*WHAT YOU HAVE TO DO:* Retype, word for word, only the lines from the one with "Powerpoint Mockup, Powerpoint freatures" through the last line of the data below.

*DATA:*
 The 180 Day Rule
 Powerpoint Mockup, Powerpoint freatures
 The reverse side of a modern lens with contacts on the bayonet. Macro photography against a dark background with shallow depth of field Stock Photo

*WRITTEN RESPONSE:*
 Powerpoint Mockup, Powerpoint freatures
 The reverse side of a modern lens with contacts on the bayonet. Macro photography against a dark background with shallow depth of field Stock Photo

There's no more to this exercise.